A common way to integrate logging with containers is to use Syslog. This has been discussed before in various places all over the internet. If you can direct all your logs to Syslog, we now have a Sumo Logic Syslog Collector image that will get you up and running immediately:

docker run -d -p 514:514 -p 514:514/udp --name="sumo-logic-collector"
sumologic/collector:latest-syslog [Access ID] [Access key]

Started this way, the default Syslog port 514 is mapped port on the host. To test whether everything is working well, use telnet on the host:

telnet localhost 514

Then type some text, hit return, and then CTRL-] to close the connection, and enter quit to exittelnet. After a few moments, what you type should show up in the Sumo Logic service. Use a search to find the message(s).

To test the UDP listener, on the host, use Netcat, along the lines of:

I'm in ur sysloggz | nc -v -u -w 0 localhost 514

And again, the message should show up on the Sumo Logic end when searched for.

If you want to start a container that is configured to log to syslog and make it automatically latch on to the Collector container’s exposed port, use linking:

docker run -it --link sumo-logic-collector:sumo ubuntu /bin/bash

From within the container, you can then talk to the Collector listening on port 514 by using the environment variables populated by the linking:

echo "I'm in ur linx" | nc -v -u -w 0 $SUMO_PORT_514_TCP_ADDR $SUMO_PORT_514_TCP_PORT

That’s all there is to it. The image is available from Docker Hub. Setting up an Access ID/Access Key combination is described in our online help.

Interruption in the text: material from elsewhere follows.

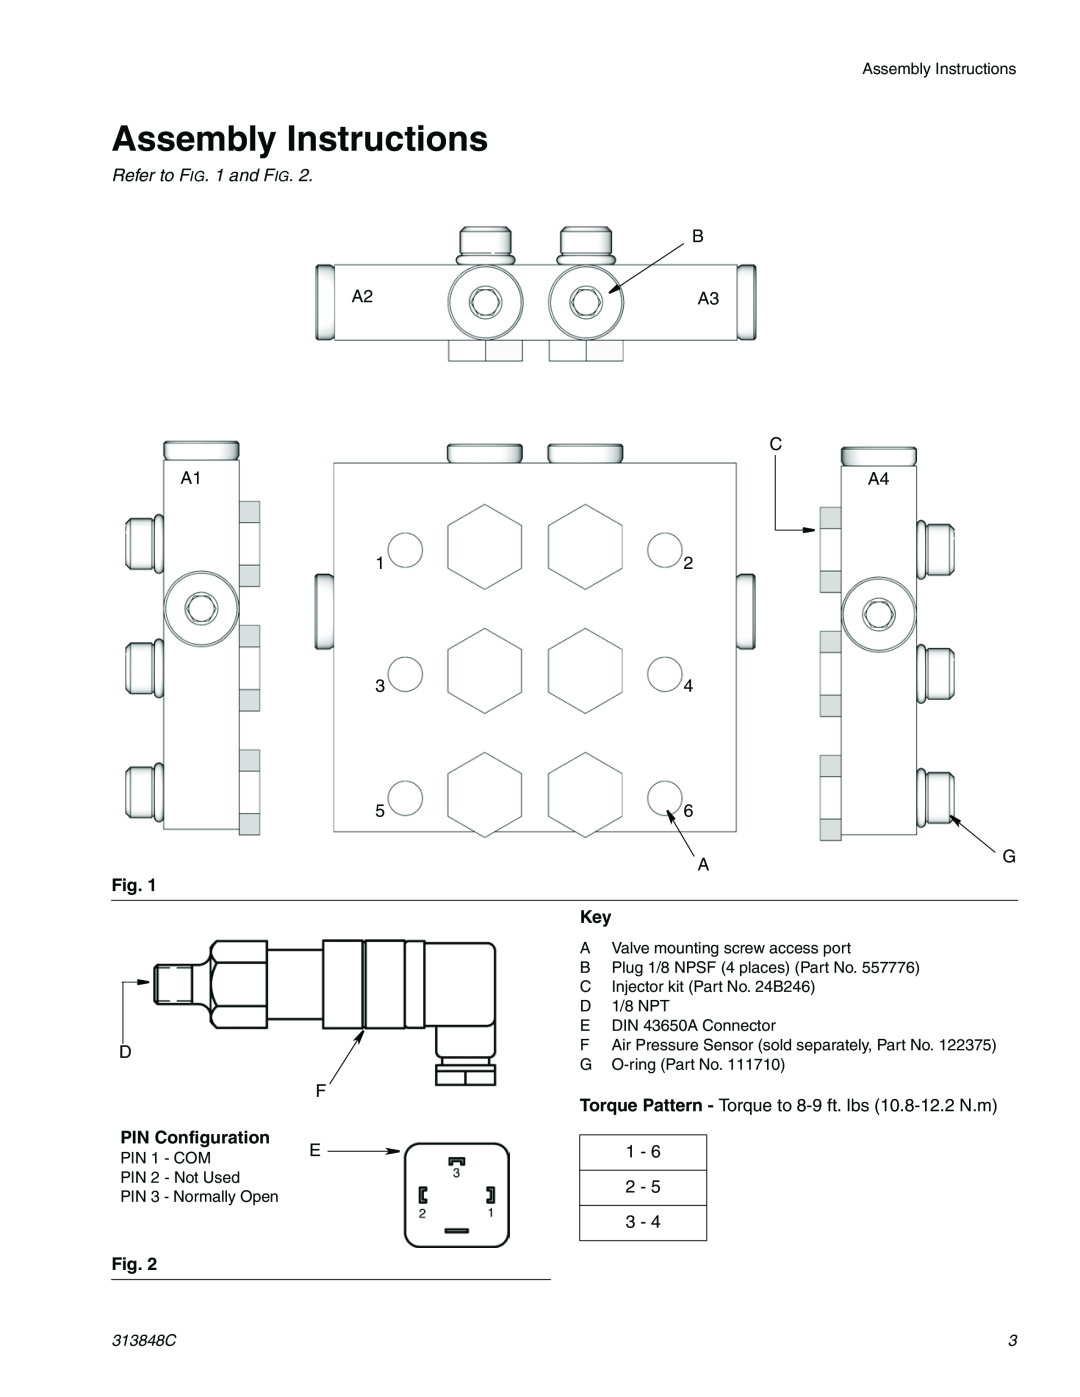 Graco 24B241, 24J817, 24J815, 24B239, 24J814, 24B240 Assembly Instructions, Refer to and FIG, PIN Configuration, 313848C

Composing Collector Images From Our Base Image

Following the instructions above will get you going quickly, but of course it can’t possibly cover all the various logging scenarios that we need to support. To that end, we actually started by first creating a base image. The Syslog image extends this base image. Your future images can easily extend this base image as well. Let’s take a look at what is actually going on! Here’s the Github repo:https://github.com/SumoLogic/sumologic-collector-docker.

One of the main things we set out to solve was to clarify how to allow creating an image that does not require customer credentials to be baked in. Having credentials in the image itself is obviously a bad idea! Putting them into the Dockerfile is even worse. The trick is to leverage a not-so-well documented command line switch on the Collector executable to pass the Sumo Logic Access ID and Access Key combination to the Collector. Here’s the meat of the run.sh startup script referenced in the Dockerfile:

/opt/SumoCollector/collector console -- -t -i $access_id -k $access_key
-n $collector_name -s $sources_json

The rest is really just grabbing the latest Collector Debian package and installing it on top of a base Ubuntu 14.04 system, invoking the start script, checking arguments, and so on.

As part of our continuous delivery pipeline, we are getting ready to update the Docker Hub-hosted image every time a new Collector is released. This will ensure that when you pull the image, the latest and greatest code is available.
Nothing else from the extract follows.